Please consider that femininity does not need to be beautiful in order for someone to desire it in some way.
The fact is that I can look at people and I feel and understand two very different and very beutiful types of essenses out there. Men are every bit as beautiful as women.
I think perhaps the right question is.. what set's you free? Which song sings in harmony with your own and brings you closer to consistency with your nature?
There is nothing in any book that says you can't be male but feminine or any other combination.. There are many flavors in the rainbow despite the fact that Cloudy is generally correct and TS people generally belong to one of two main groups.
Perhaps it is good to just sit in a room all alone and ask yourself.. what do I feel like. I do that a lot. It is also good to go out and just forget yourself in a throng of people or some experience and then reel yourself back and say what do I feel like.
Our happiest person is generally our truest person and we should all aim to be that person. We seek the glorification of ourself and our song. We love others so we can love ourselves and interact with others so we can better learn that person. It is the divine looking back on the divine and in the chaos of creation recreating itself.
Chains and shame.. they make life so burdensome. At times, games and deception are essential but we must seek out ways to make them but the smallest parts of our lives.
I grew up hating myself. I grew up considering myself a freak and assuming that I had to forever stand apart from humanity. Please never let your issues make you feel the way I did :) Love yourself.. for sex, for nature, for the chaos of emotions that is the human spirit and life :) We are all wonderful glorious being but only if we can truly find and realize ourselves :)

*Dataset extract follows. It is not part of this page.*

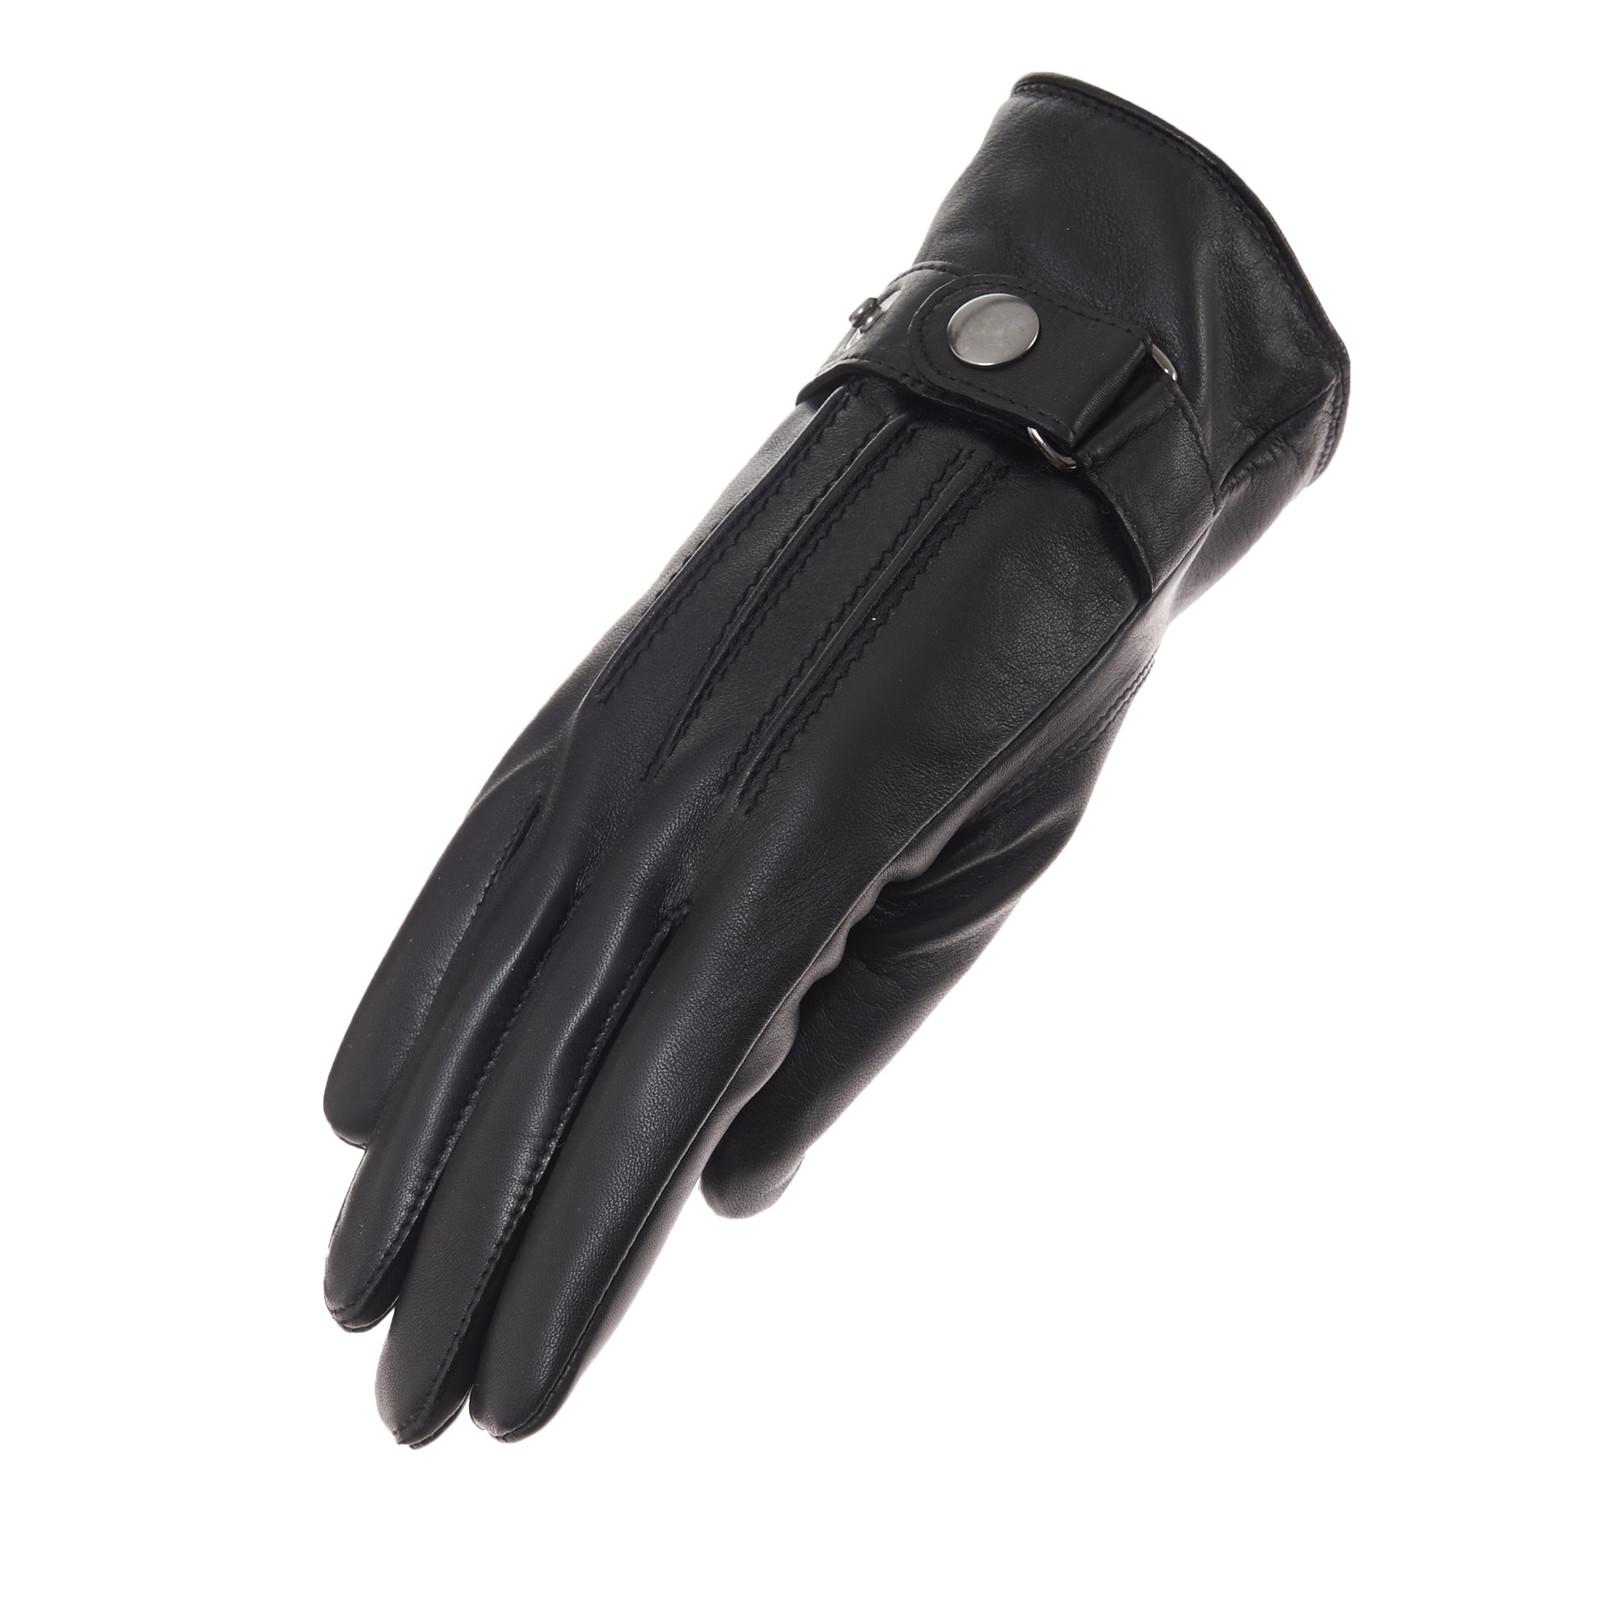 Randers Handsker herrehandske i lammeskind

Life is not about body image.. It is about this flow of interactions. It is about the constant emotional tumult. It is about chaos and being out of control. It is about pain and love and the entirety. People live lifes of death because they can't see that even pain is a small joy. Perfection and utter selflessness are death but utter delusions as well. Selfless people are often the most selfish. I help people because it is me and I live to serve myself :)
Jack,
ReplyDelete"I must admit that I have at times a close to religious relationship to the feminine beauty. I see this beauty everywhere and it lifts my spirits in ways that nothing else does. This is about body, clothes, hair, manners -- everything about them."

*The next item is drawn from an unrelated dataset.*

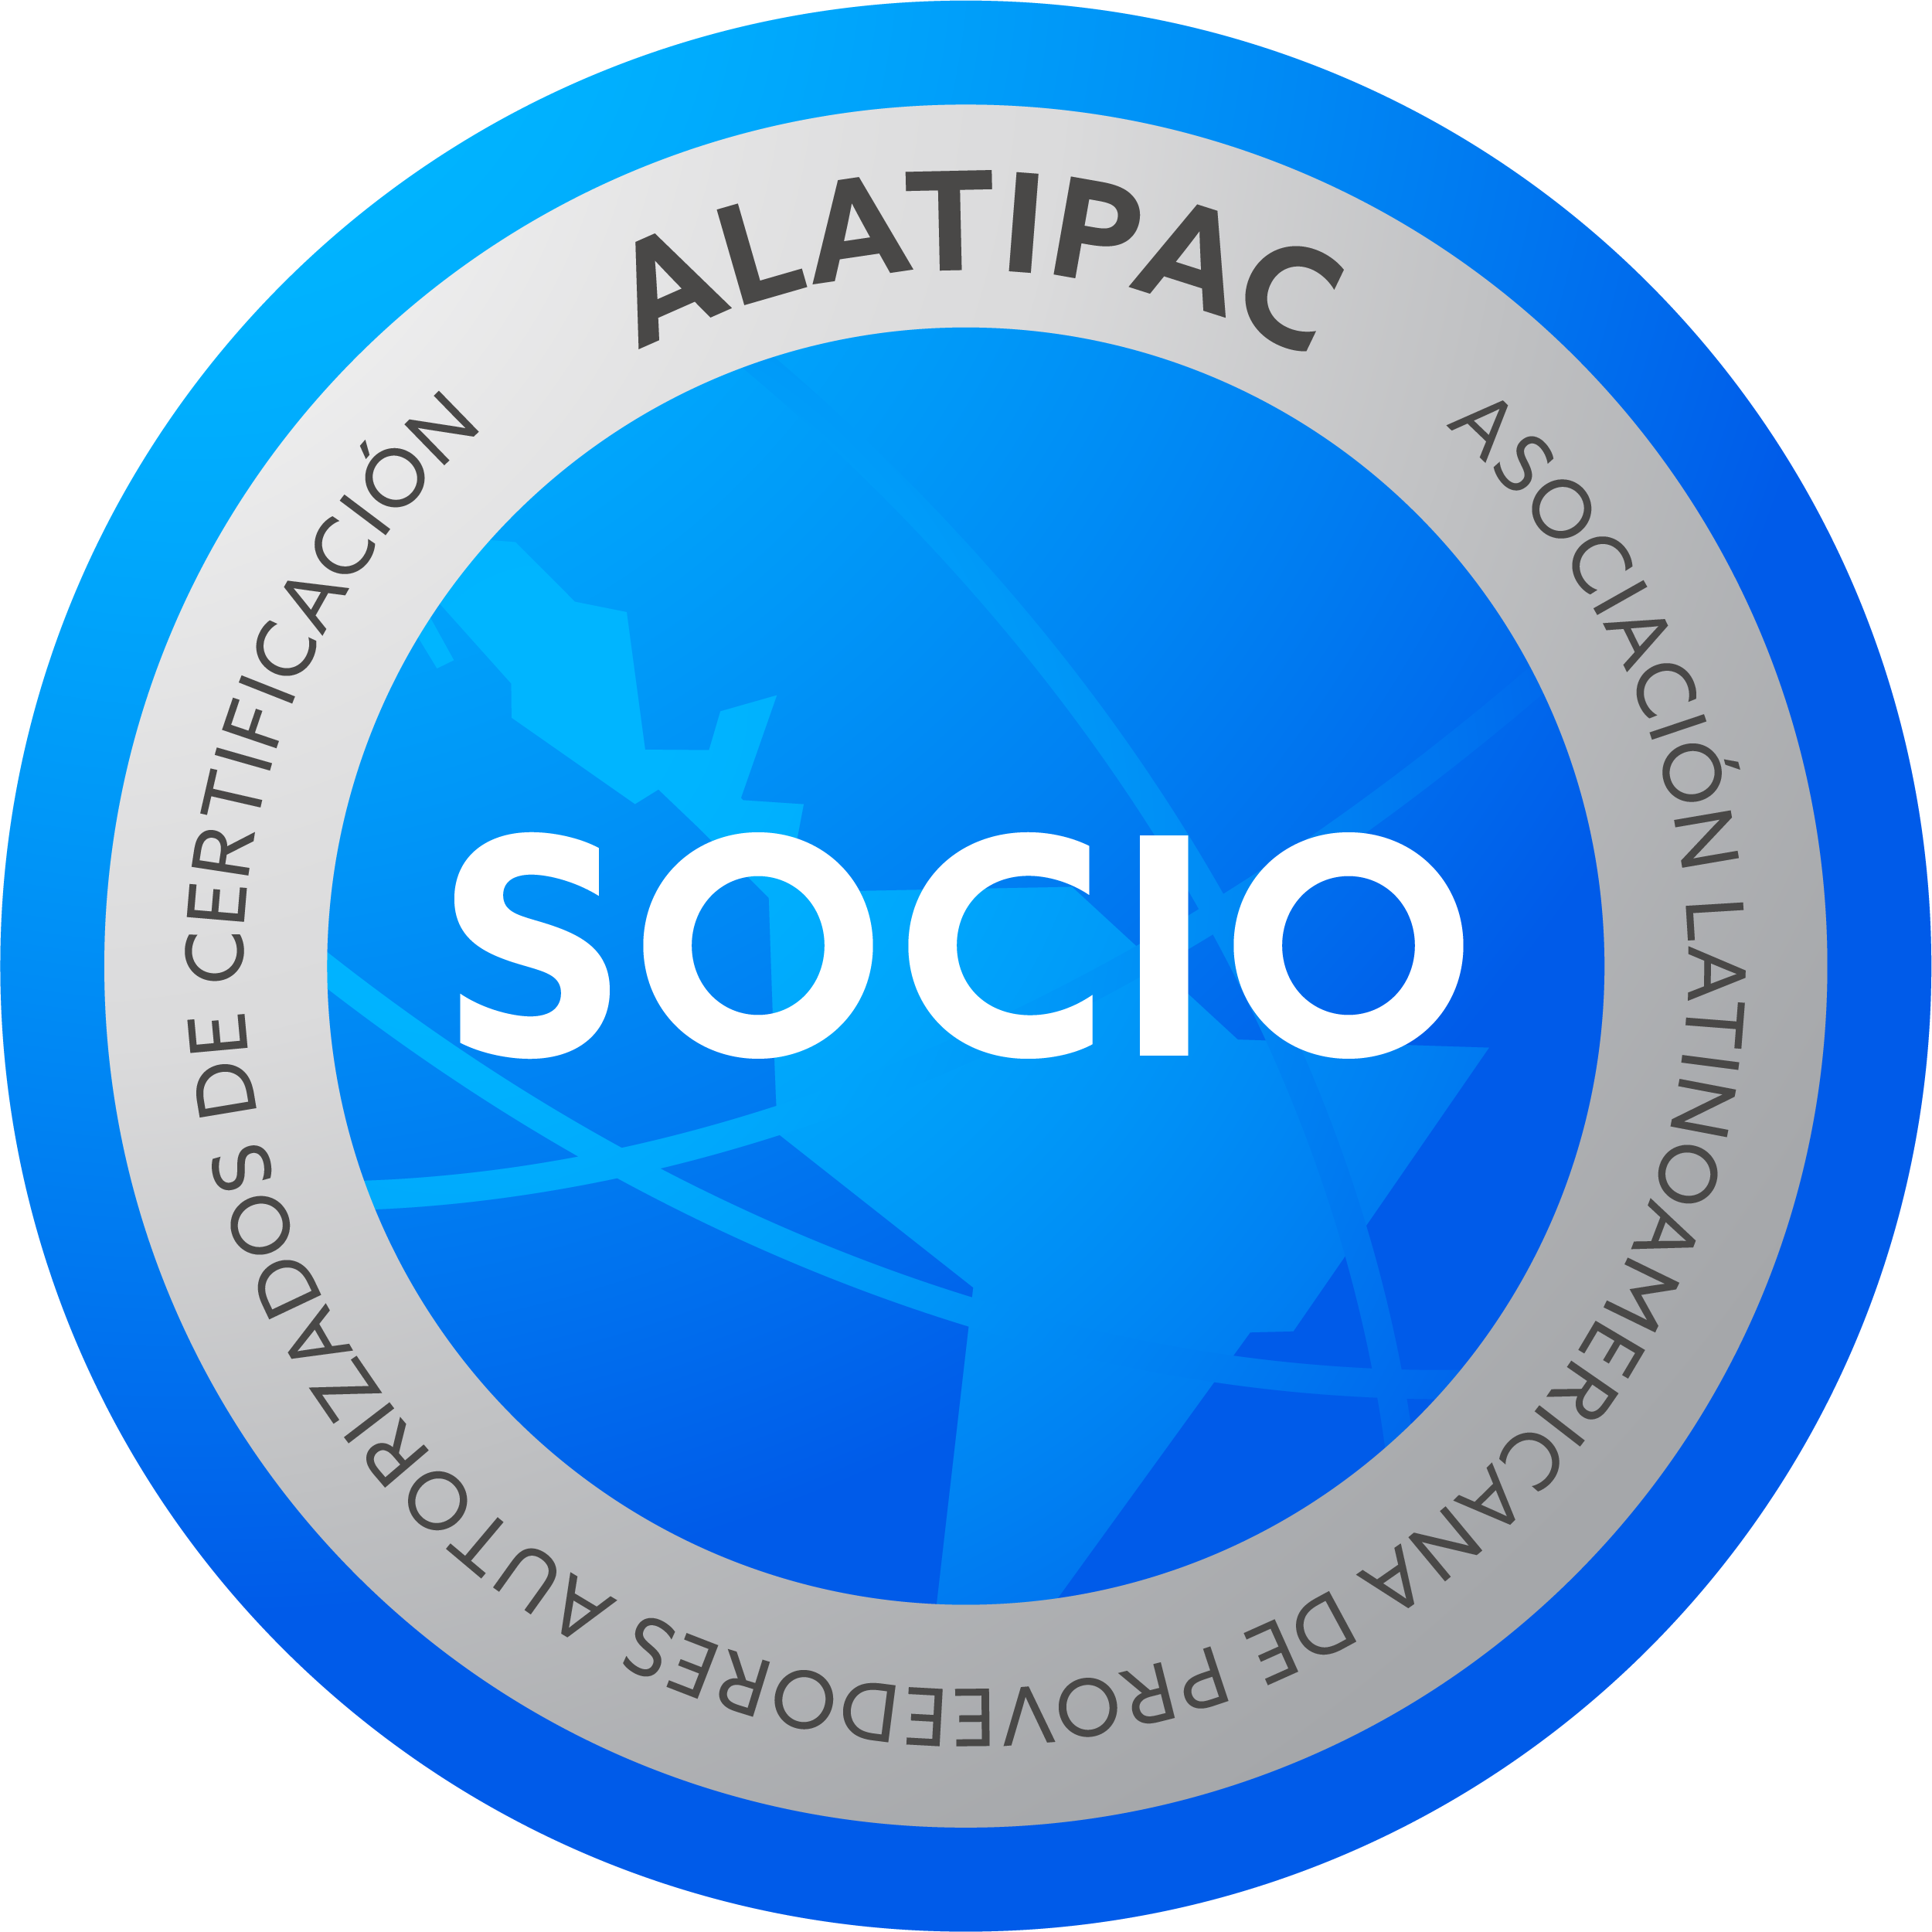 Logo Socio Alatipac

This is how exactly I feel. There is something in me which makes me feel nothing too pleasing about masculinity.Femininity for me is something like a real booster. It's something which occupies my mind throughout. I often fantasize myself with feminine attributes on, glam everything.
So,am I female trapped in man's body? I have pondered hard and I know, my feelings would match up and my life would be perfect if I were born a girl, since, it's so hard to be this effeminate and yet live as male.
But, now, am I in a wrong body? I have never felt as such. My body is not a problem,neither will it ever be.
Do I desire to crossdress, am I a crossdresser? Never have I felt such a desire. Just a few days back,when my feminine feelings were getting too strong, I desperately stealthily went to my sister's room and took out some dresses and cosmetics to try on in private. But, I never desired anything, I felt sick, repulsive. And I know I always will. Despite my powerful attraction to the aesthetic beauty to the extent that my fantasy is always based on femininity, I don't desire to put on anything in reality even when alone!!
So, am I feminine gay man or HSTS? Well, some possibility, yet not very good option.I am not attracted to masculinity in myself or in other guys. I don't find guys hot, I don't love guys emotionally. I am a man-hater for whatever I have gone through.But perverted actions of guys arouse me and make me as if want sexual glance from them,become their sexual object, which does makes me gay!! (labels are really narrow-minded stuff).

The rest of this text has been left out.